(Data entries)
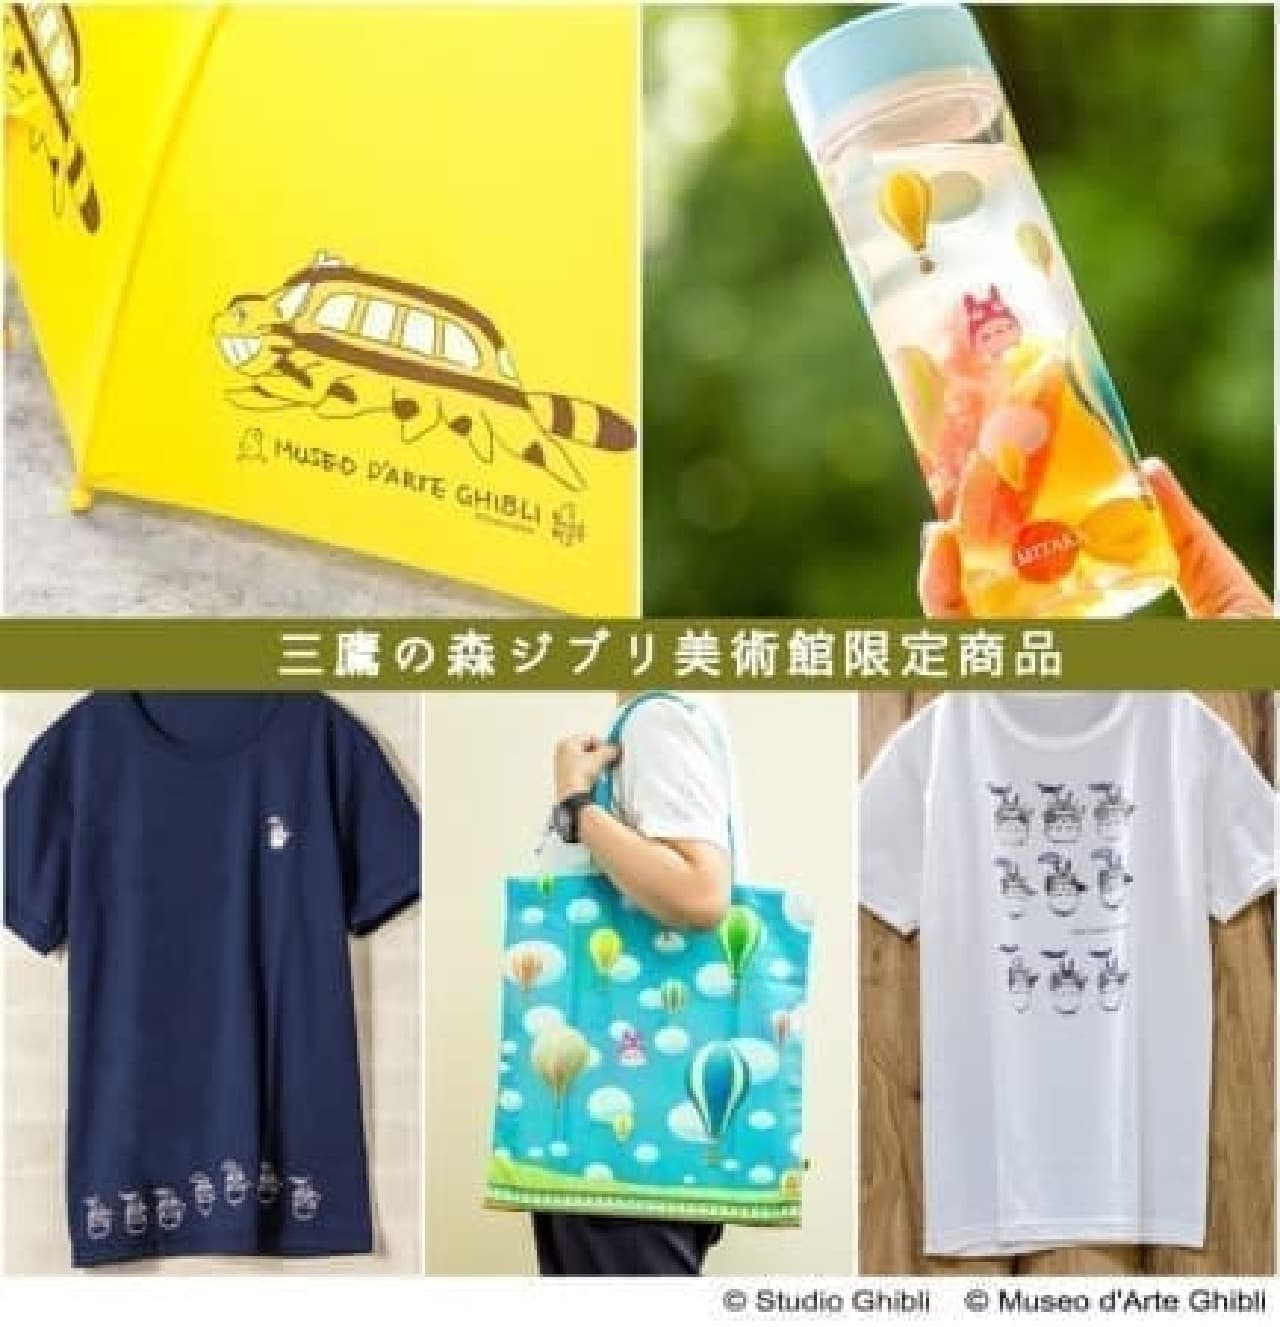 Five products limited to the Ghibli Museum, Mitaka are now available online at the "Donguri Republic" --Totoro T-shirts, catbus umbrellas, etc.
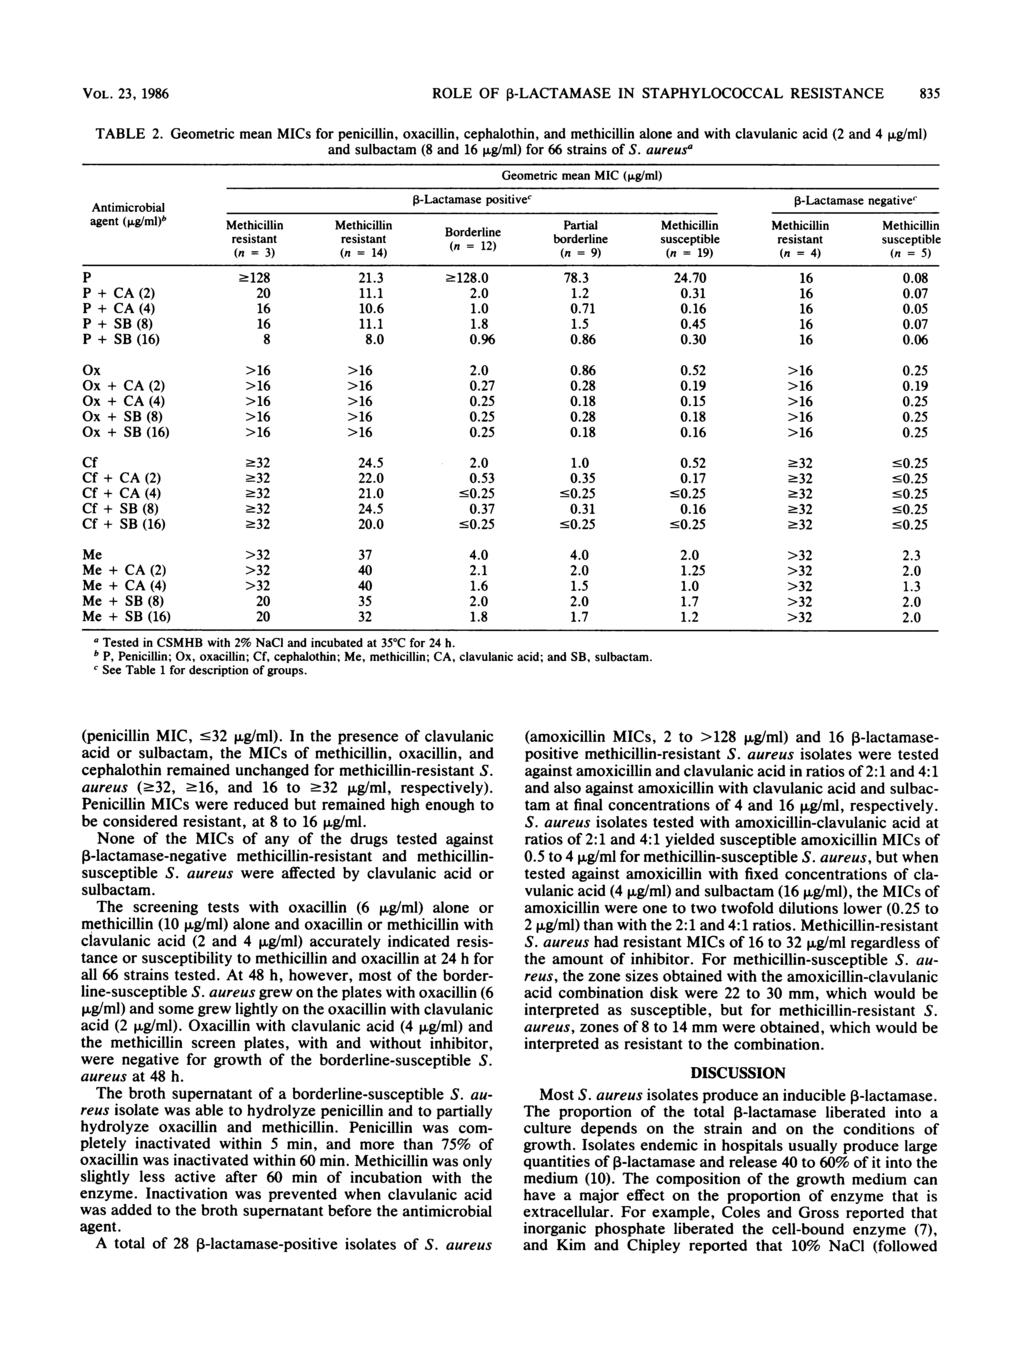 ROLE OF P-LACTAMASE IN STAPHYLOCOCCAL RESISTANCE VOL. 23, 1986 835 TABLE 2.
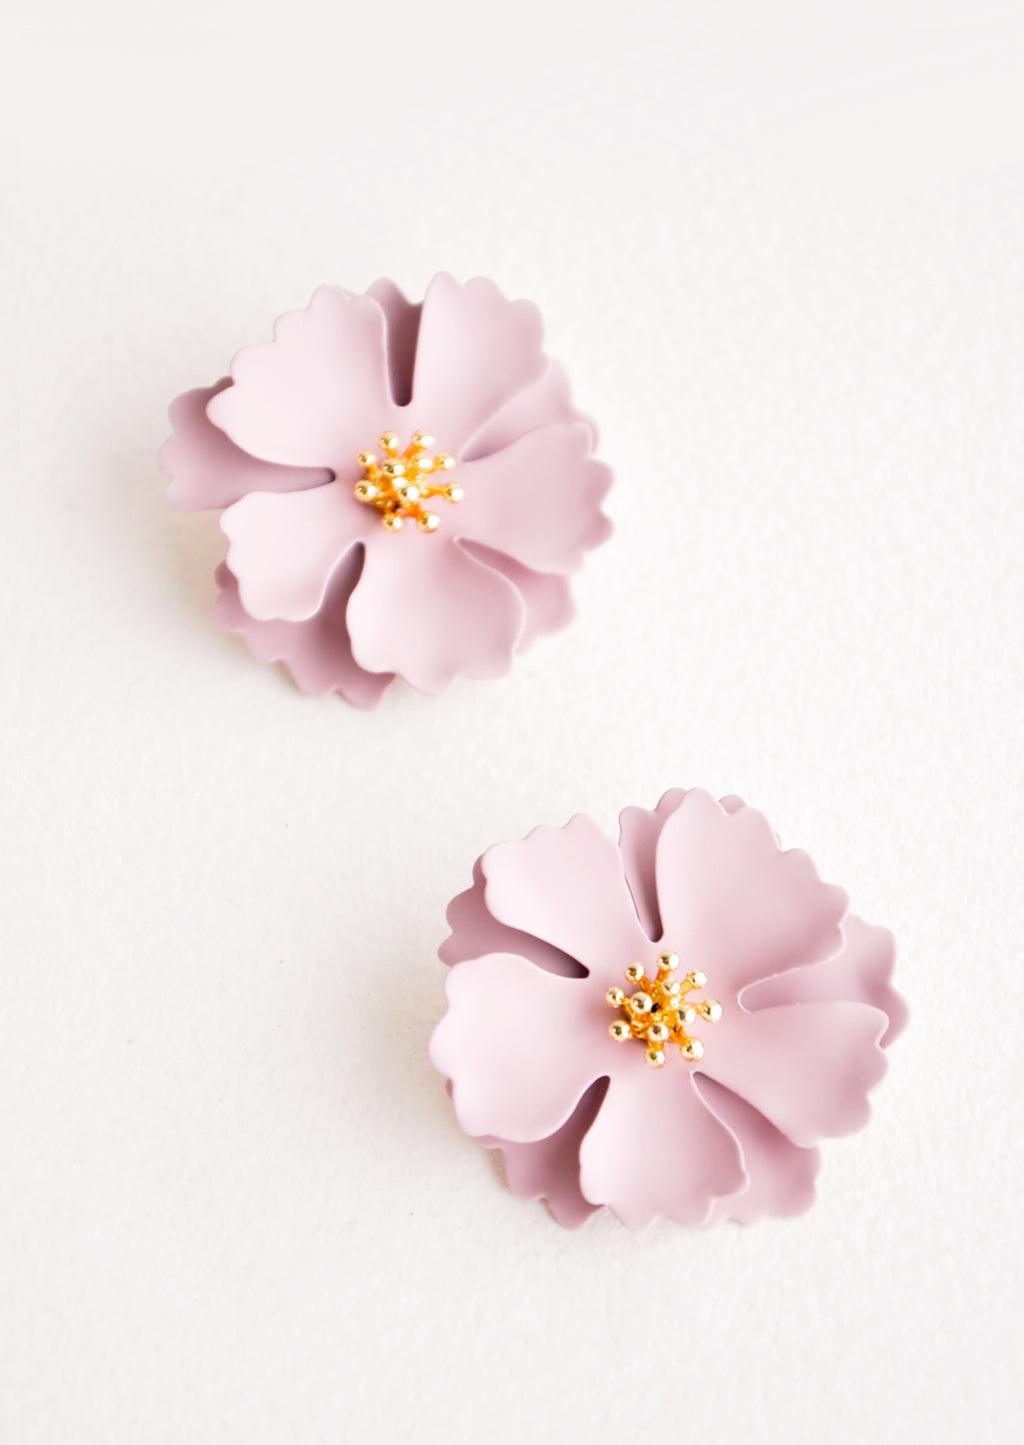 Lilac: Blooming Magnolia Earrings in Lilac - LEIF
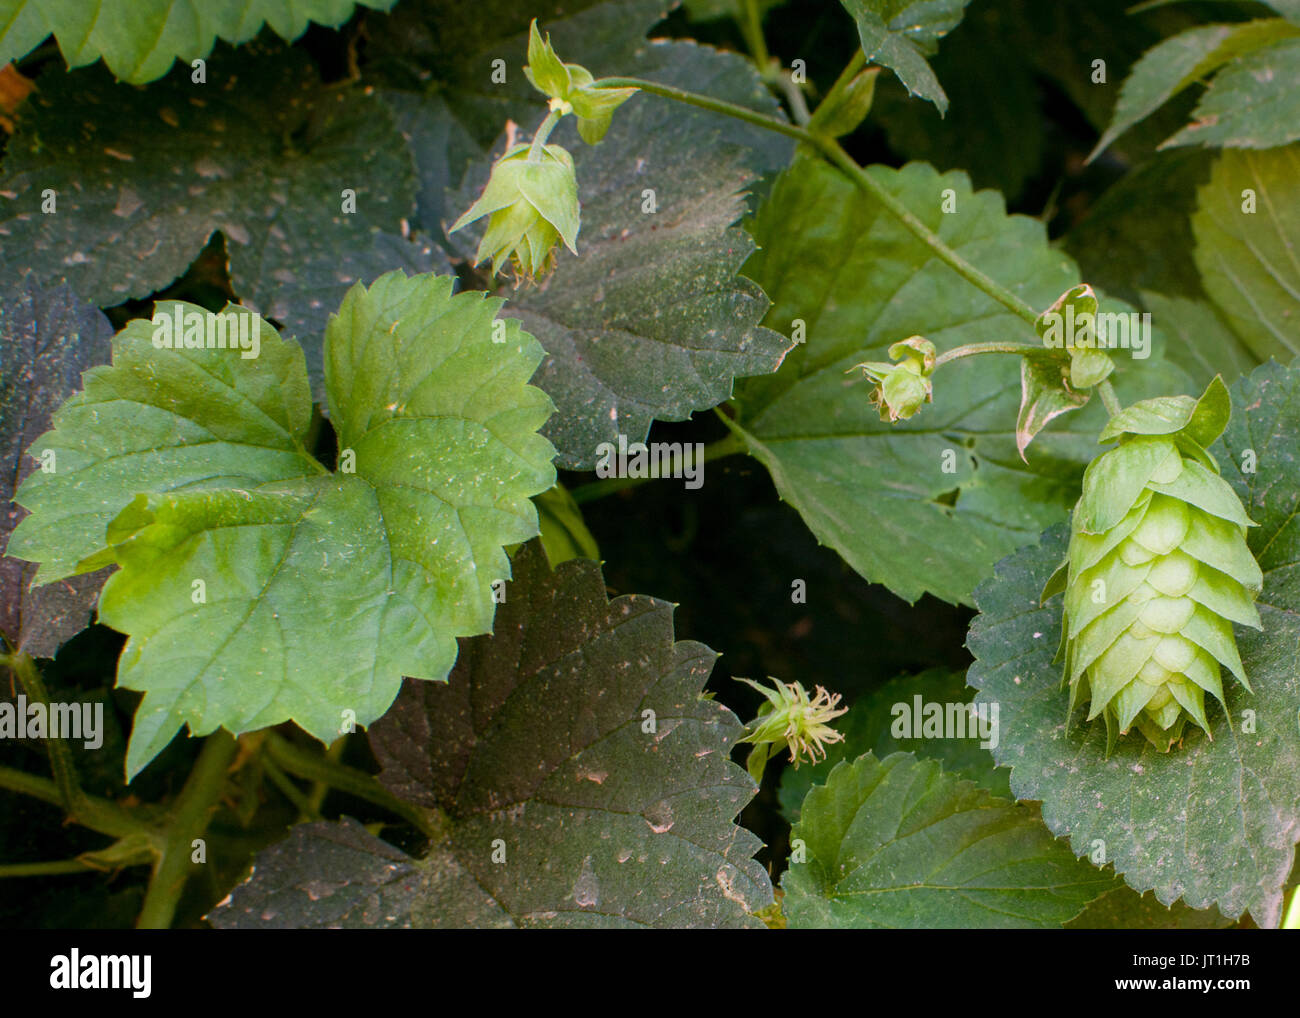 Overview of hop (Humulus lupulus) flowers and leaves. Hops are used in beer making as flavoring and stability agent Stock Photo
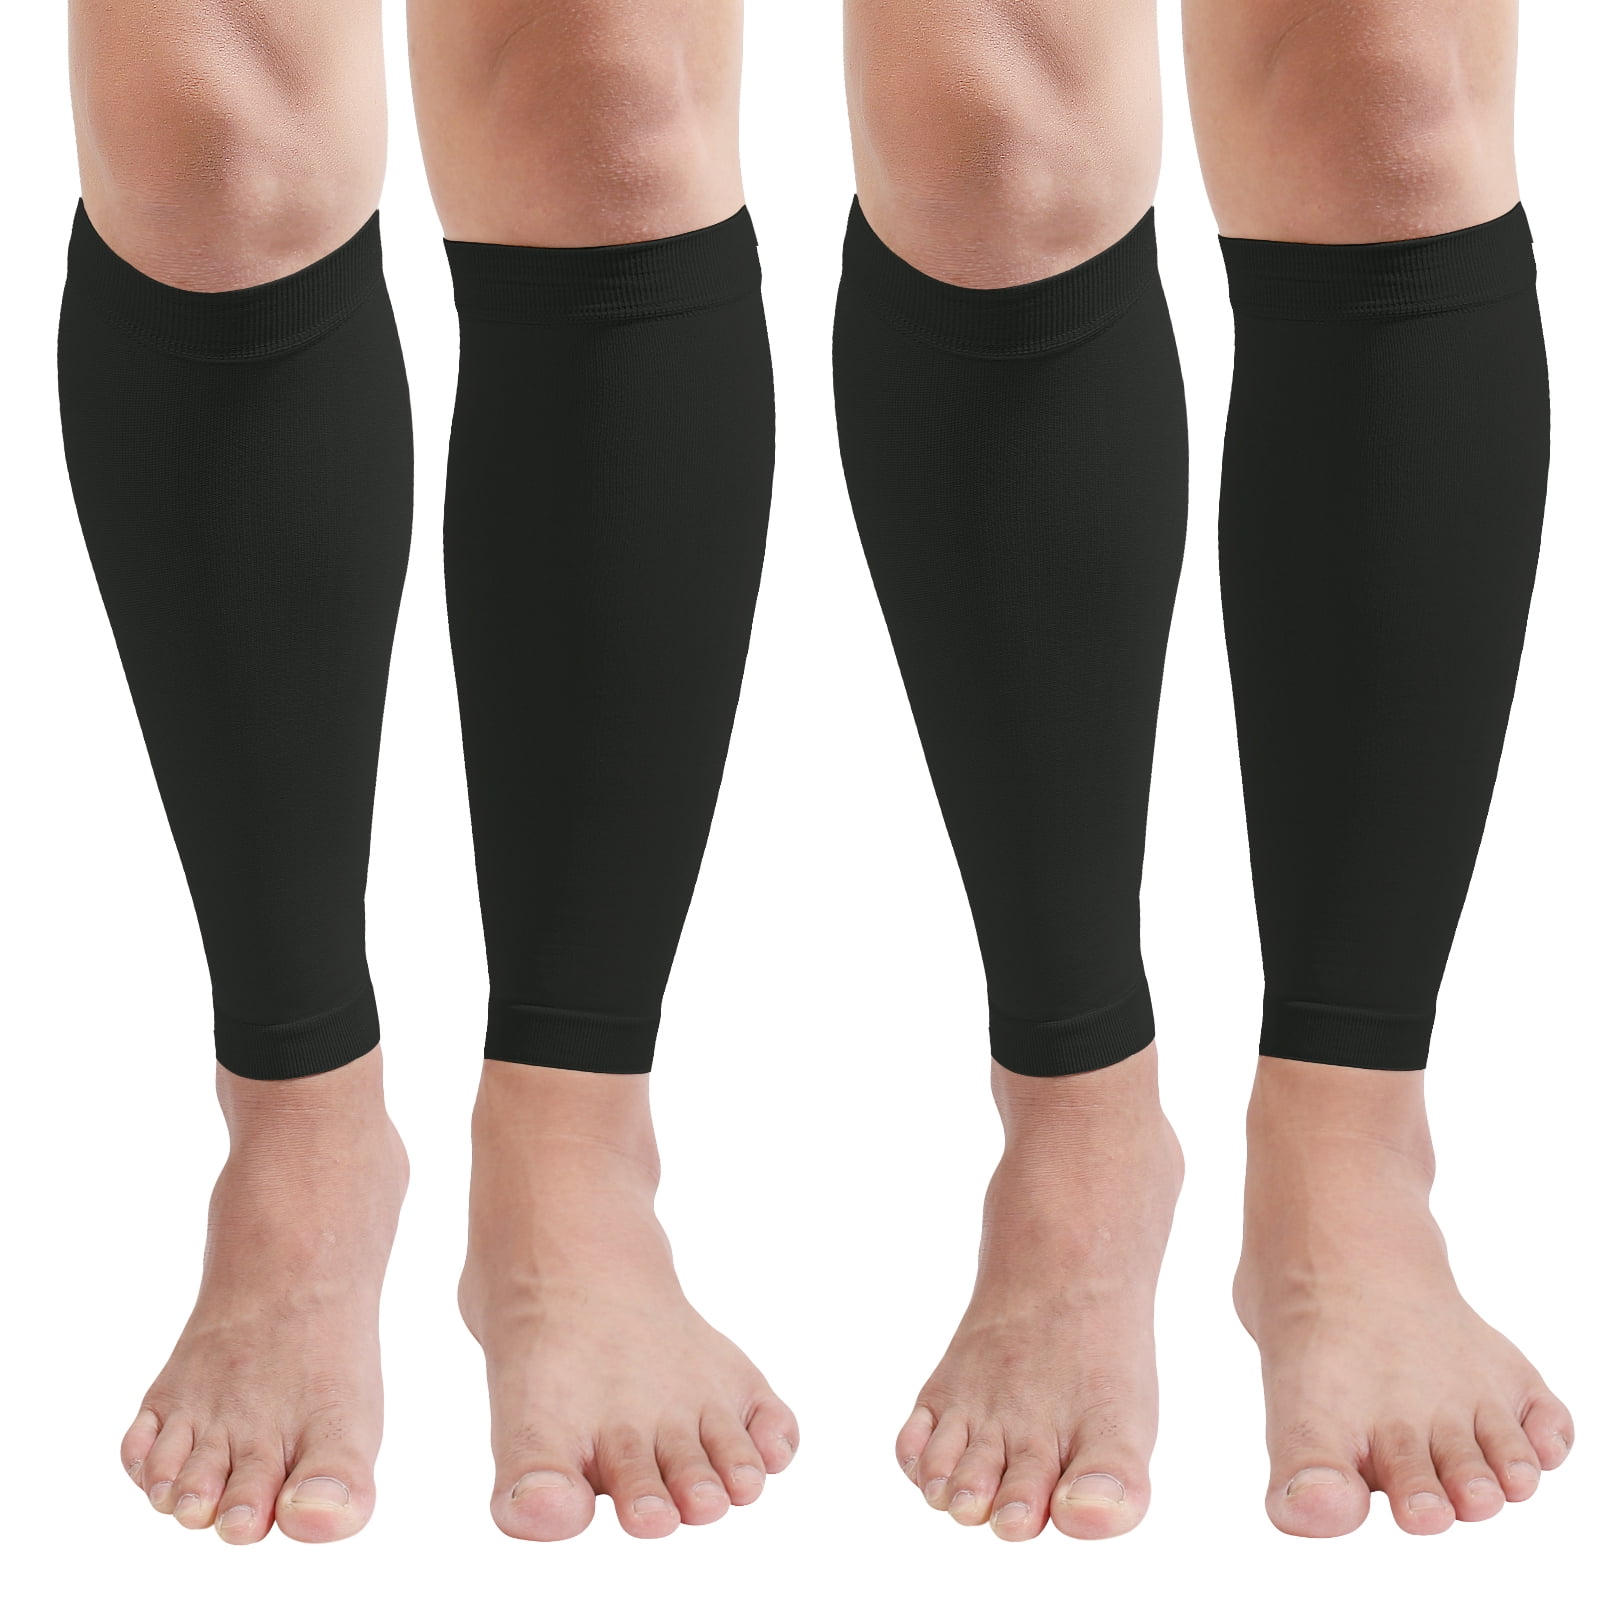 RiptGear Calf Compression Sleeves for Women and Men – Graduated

**Work task**
Retype, exactly as written, each line from the one containing "Lilac: Blooming Magnolia" through the end of the data above, and leave out every picture.

**Task answer**
 Lilac: Blooming Magnolia Earrings in Lilac - LEIF
 Overview of hop (Humulus lupulus) flowers and leaves. Hops are used in beer making as flavoring and stability agent Stock Photo
 RiptGear Calf Compression Sleeves for Women and Men – Graduated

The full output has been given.